Oh ! Continue à m’aimer.
Ne méconnais jamais
le cœur très fidèle de ton aimé
L.
Éternellement à toi,
éternellement à moi.
éternellement à nous.
Quelles pourraient être les conséquences d’une romance torride entre deux écrivains ? Une correspondance digne de faire partie de l’histoire. Bien que, selon la légende, les lettres que reçu Emilia furent brûlées par sa fille, car le fait qu’elle et Benito aient une relation n’était pas très bien vu à l’époque. Les lettres qu’elle avait elle-même écrite ont été publiées en 1889 dans le livre Miquiño mío.
Avant que tu me connaisses, quand rien ne nous unissait hormis une amitié rêveuse, j’imaginais déjà de mon côté (dans une pureté absolue et c’est le plus délicieux de la figuration) les merveilles d’une promenade en Allemagne. Celles que nous avions faites à Madrid m’avaient rendue gourmande et je pensais en moi-même : “Qu’il serait bon d’émigrer avec cet individu. Il me considérera comme une soeur, ou encore mieux, comme un ami de confiance. Je l’écouterai parler à toute heure. J’apprendrai de lui des choses sur les romans, l’esthétique et l’art. Nous verrons tout d’un intérêt redoublé et cela portera doublement ses fruits. Il semble avoir la santé fragile : je prendrai soin de lui, car je suis robuste. Il m’en sera reconnaissant : il me portera beaucoup d’affection et c’est ainsi que nous serons pour toujours amis. On nous croira mari et femme et comme il n’en sera rien, nous en rirons...” Enfin, voilà, une poignée de bêtise. Je n’ai pas réfléchi, je le jure. Ton apparente froideur, le respect que je te portais, ton apparence formelle et réservée ont fait disparaître cette idée dans sa totalité.

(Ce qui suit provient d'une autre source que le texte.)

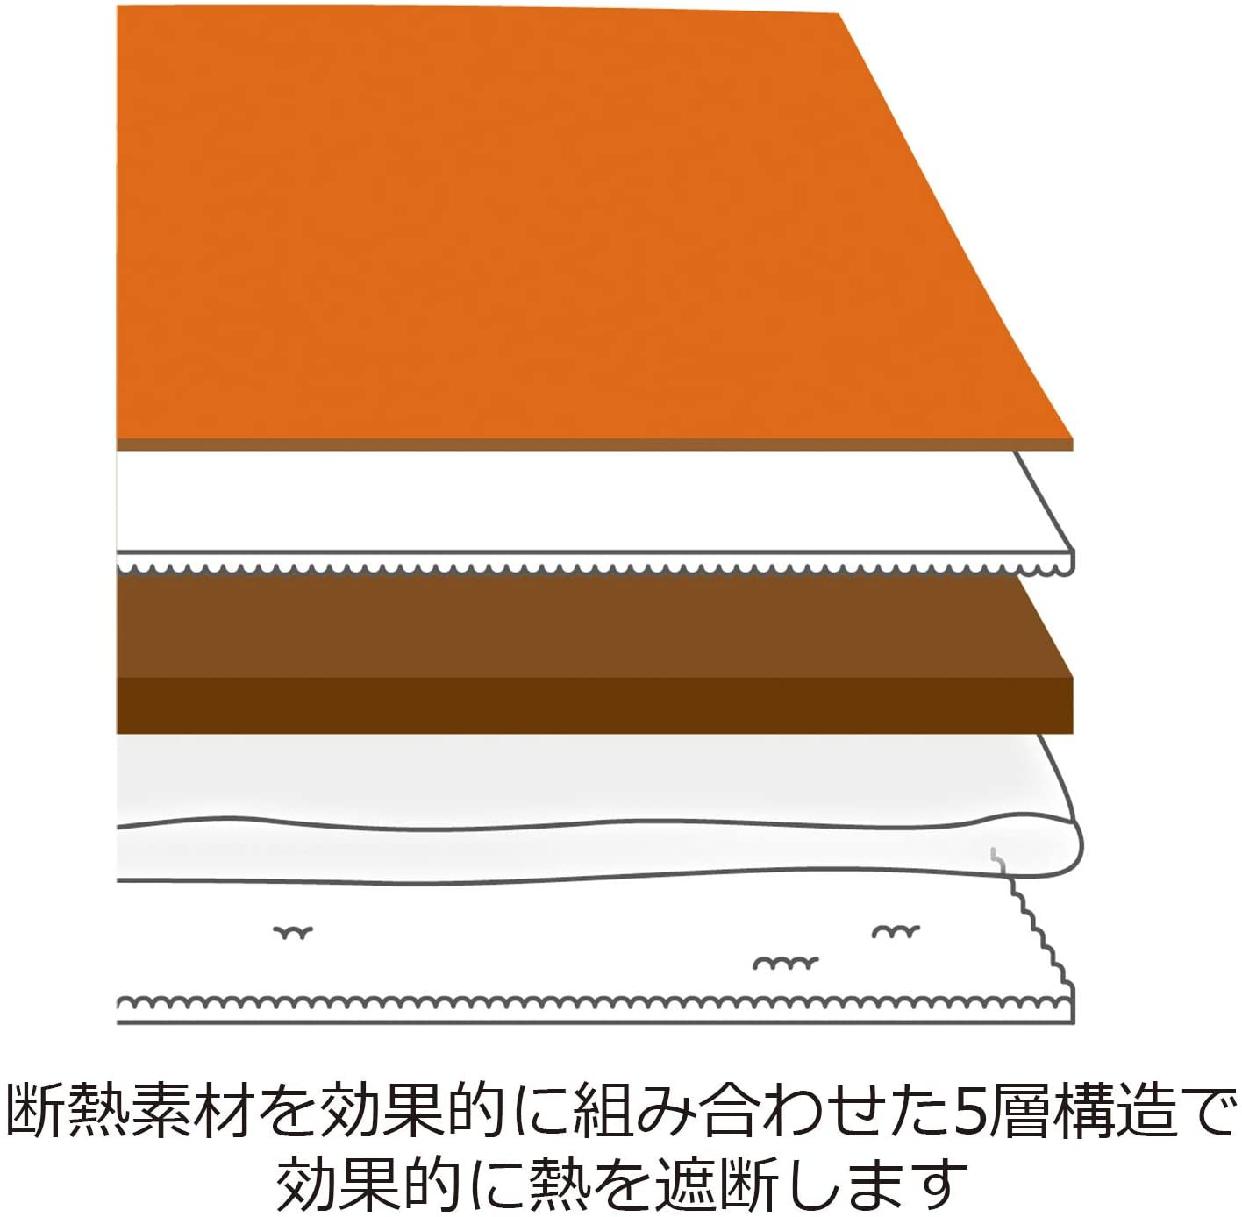 LEYE(レイエ) グッとつかめる耐熱ミトンの商品画像6
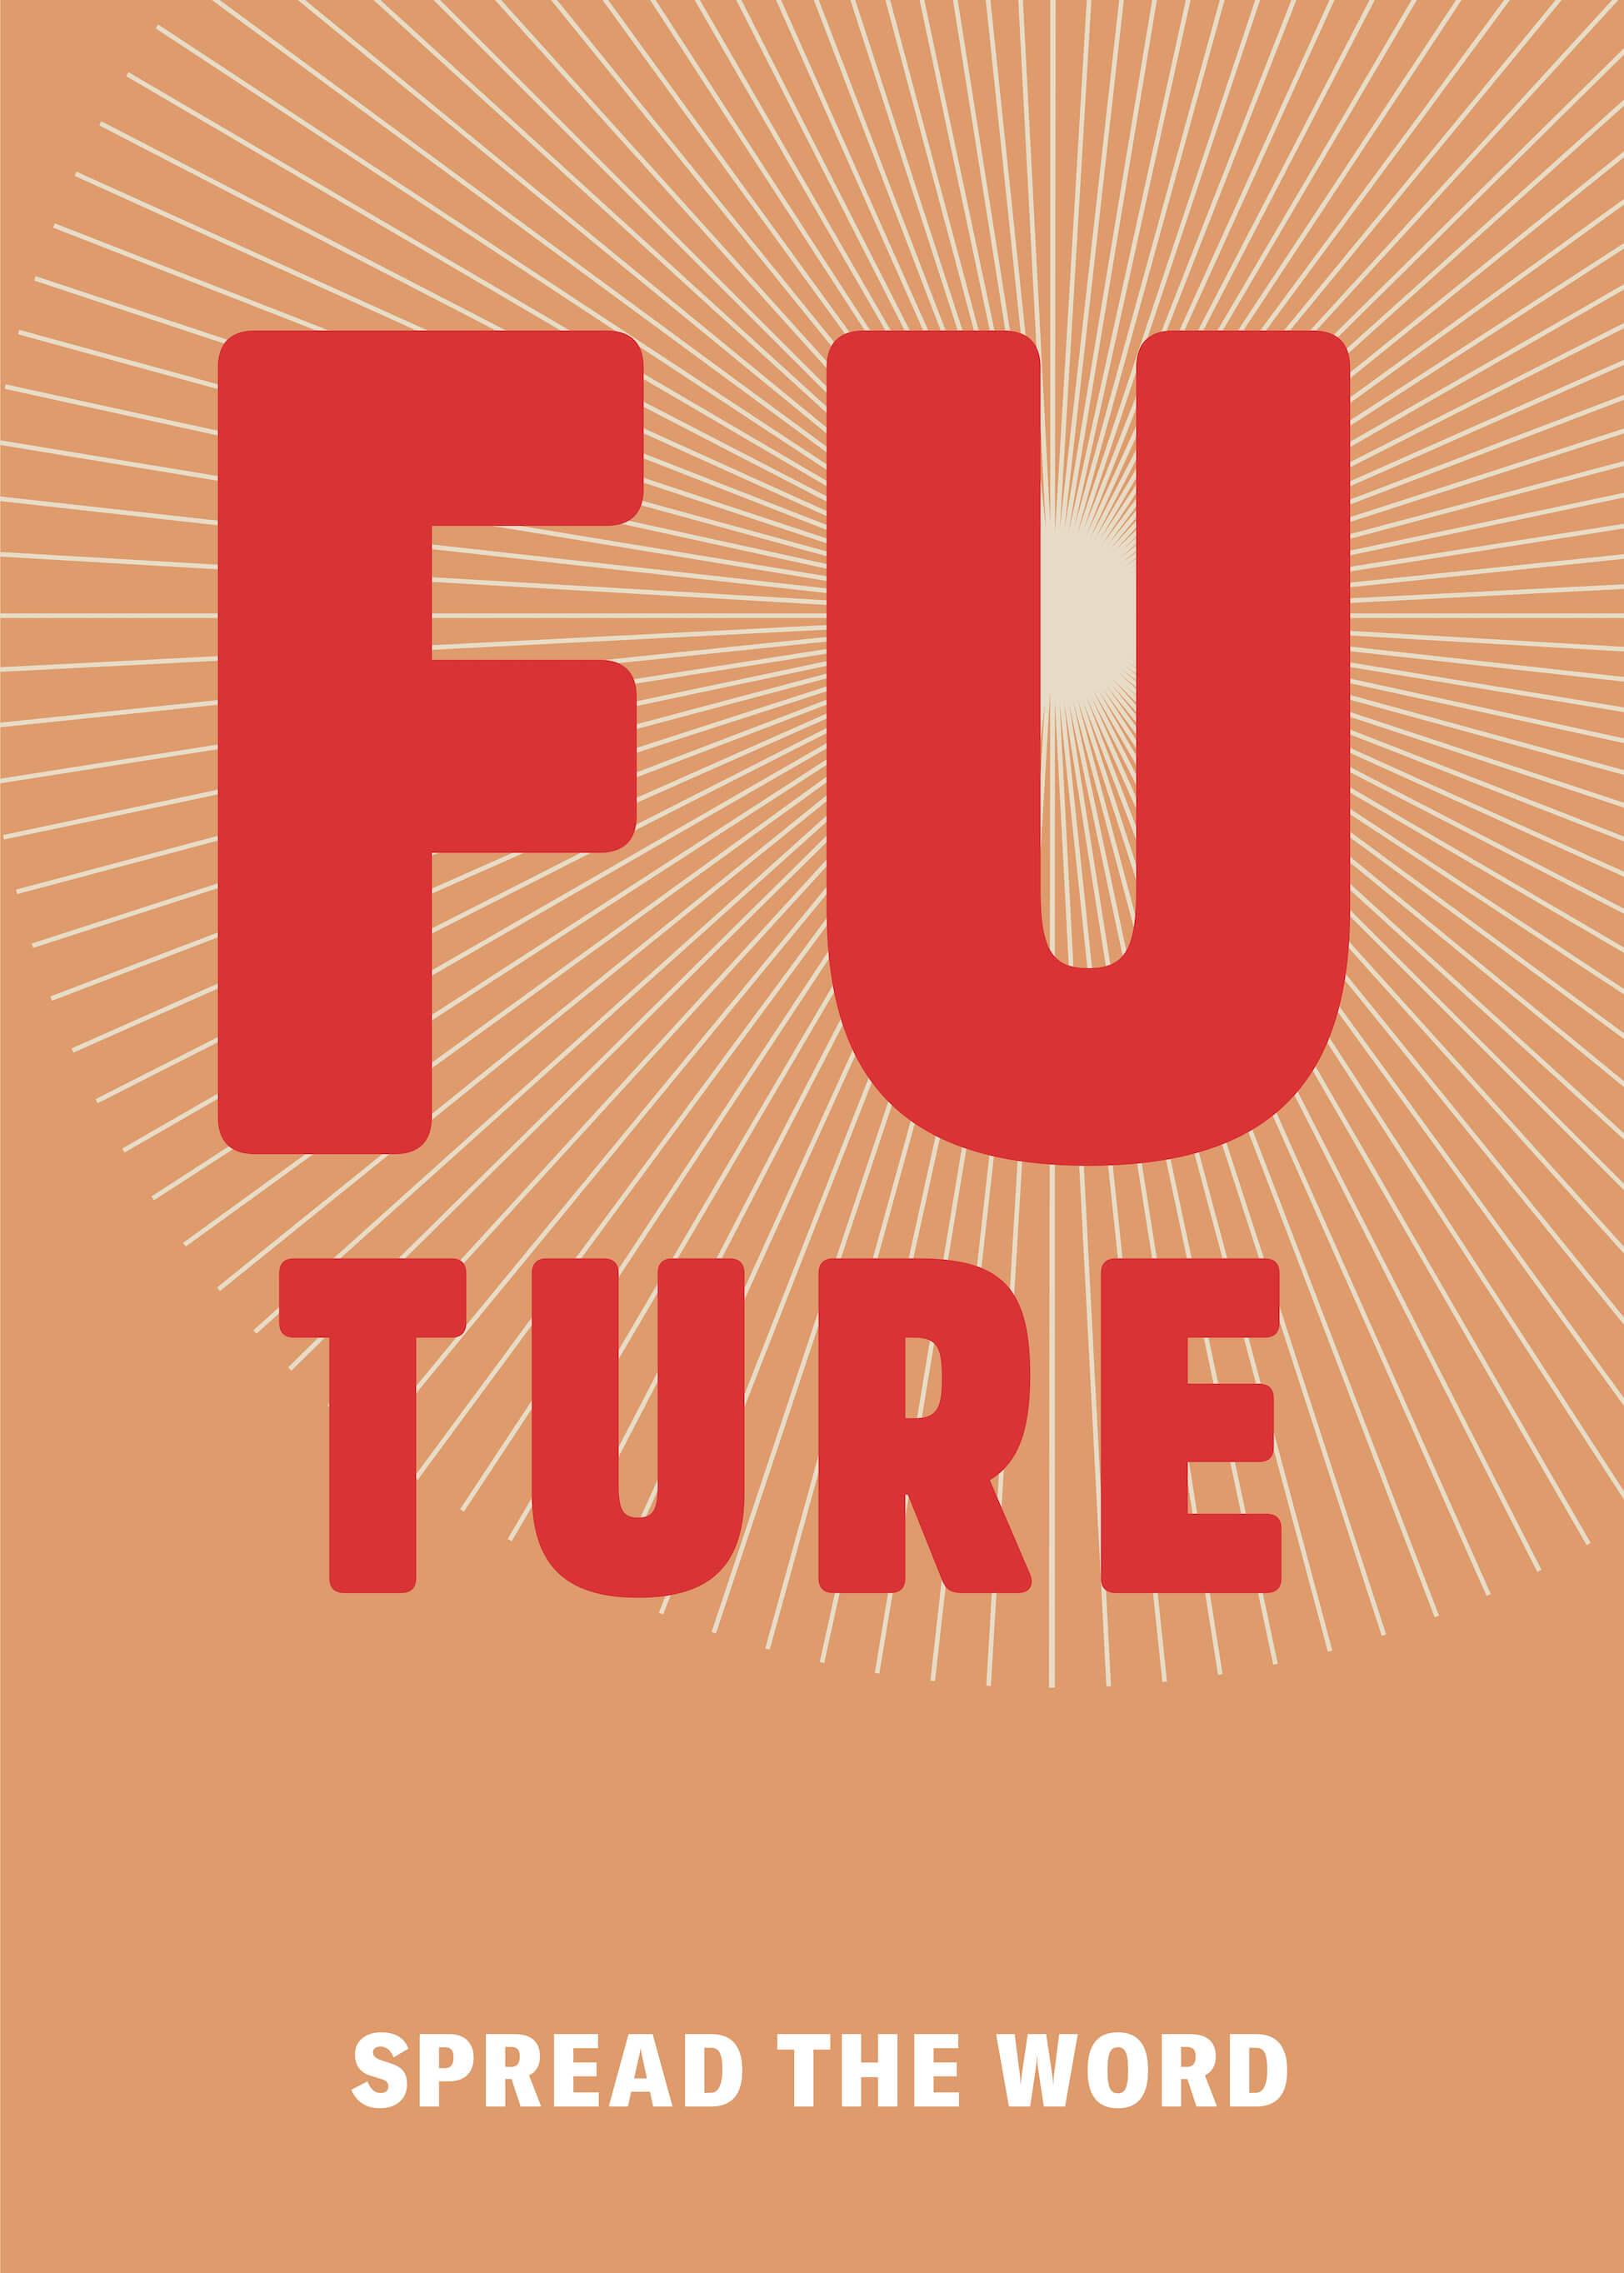 Spread The Word - Future main image

Gala et sa relation polémique avec Dali ont donné naissance à une série de lettres qui ont été envoyées tandis qu’il se trouvait loin pour des raisons de santé. Sa relation n’était pas très bien vue par les familles des deux amoureux, car gala était déjà mariée avec l’artiste Paul Éluard, et avait de plus dix ans de plus que Salvador.
Si tu savais combien je désire te voir, combien j’aimerai t’avoir avec moi. Je sais très bien que je ne peux te retenir, que l’abomination de la vie commune n’est pas pour nous, mais il me semble que cela fait des années que je ne t’ai pas tenue dans mes bras. Et j’ai perdu le goût pour la vie, pour les promenades, le soleil, les femmes. Je conserve juste le goût amer et terrible de l’amour. Si je pouvais te serrer dans mes bras, je deviendrais à nouveau celui que j’ai été pour toi à certains moments. Je t’adore, tu es la seule qui existe et cela pour l’éternité. Ma petite Gala, ma belle, ma chère, maia dorogaia, ma petite, mon amour, je meurs à l’idée d’être sans toi.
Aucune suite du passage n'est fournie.